Suggested examples of Edits:

‘Bring the bucket, lad?’ his father asked, staring into the horizon.
Christopher held the blue bucket out, its bottom cracked and crusty from years of use; his father didn’t seem to notice, in fact, he didn’t seem to be seeing anything.

Reasoning for edit:
'Bring the bucket, lad?' his father asked, though he was staring absent-mindedly at a spot on the horizon (This is one long unneceassary attribution that dictates to the audience, suffocating them with too much information. Trust your audience to use their imaginations to fill in the blanks, clued in by the details and atmosphere you provide).
Christopher held in his right hand a blue bucket (so much detail, for no reason at all; again, don’t dictate so much to your audience. You are telling way too much and showing very little), cracked at the bottom and crusty with remains from previous trips (this isn’t too bad, but it could be used a better sense with attention to phrasing. I like the touch of crusty remains, as it reminds me of all the old bucket sets I had as a kid and how it used to build up if you didn’t wash it out properly). He held it out so his father could see, but his father didn't seem to be seeing anything (Some phrasing problems, but I’ve cleaned it up for you in the edits. Just be mindful of word order and how you approach your writing).

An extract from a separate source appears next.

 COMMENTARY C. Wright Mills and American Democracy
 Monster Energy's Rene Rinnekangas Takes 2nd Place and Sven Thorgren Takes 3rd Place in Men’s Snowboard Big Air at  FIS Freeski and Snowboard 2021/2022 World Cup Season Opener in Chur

Suggested examples of Edits:

They’d walked this beach days on end, searching the rock pools for crabs, that hide beneath rock clusters. By sunset, the bucket is heavy with crustaceans scratching to get away, piled on top of each other, rolling around. Christopher’s mother eats them within the week, shelling them as soon as they walk in the door and settling in the back room, her hand wrapped around a flute of wine. He liked the rock pools, the taste of salt as the breeze stirred the surface and his father, always beside him. He liked to watch the crabs, and their cruel pincers.


Reasoning for Edits:

He and his father have walked this beach many times, to search for the crabs that hide underneath the clustered rocks in small pools of salt water (Wordy, boring and obtrusive – whatever you want to say, there are always different ways to say it; before you settle on one, try out every possibility). Together, they collect them in the blue bucket and take them home for Christopher's mother, who consumes the bucket of fleshy crabs within days.(Very obvious that they collected them together as the father seems like a stalwart presence. Repetition of bucket in the same sequence, reduces fluidity and appears over descriptive. Consumption is obvious, process to get to consumption is more interesting). She liked the room at the back of the house most to devour them, her hand constantly clasped around the long glass stem.(This sentence needs to be integrated with the previous sentence, right now it reads like an instructional manual for their day to day life instead of providing solid imagery- has potential though). He liked coming here with his father, the taste of the salt as he bent low over a rock pool, the way that the crabs conformed to the shape of the ash coloured rocks so that you didn't know they were there until they had you by the finger with one of their menacing claws (Lots of interesting little snippets there lost in a lot of unnecessary words – real potential with your images but fallen flat due to over wrought execution and voicelessness within the text).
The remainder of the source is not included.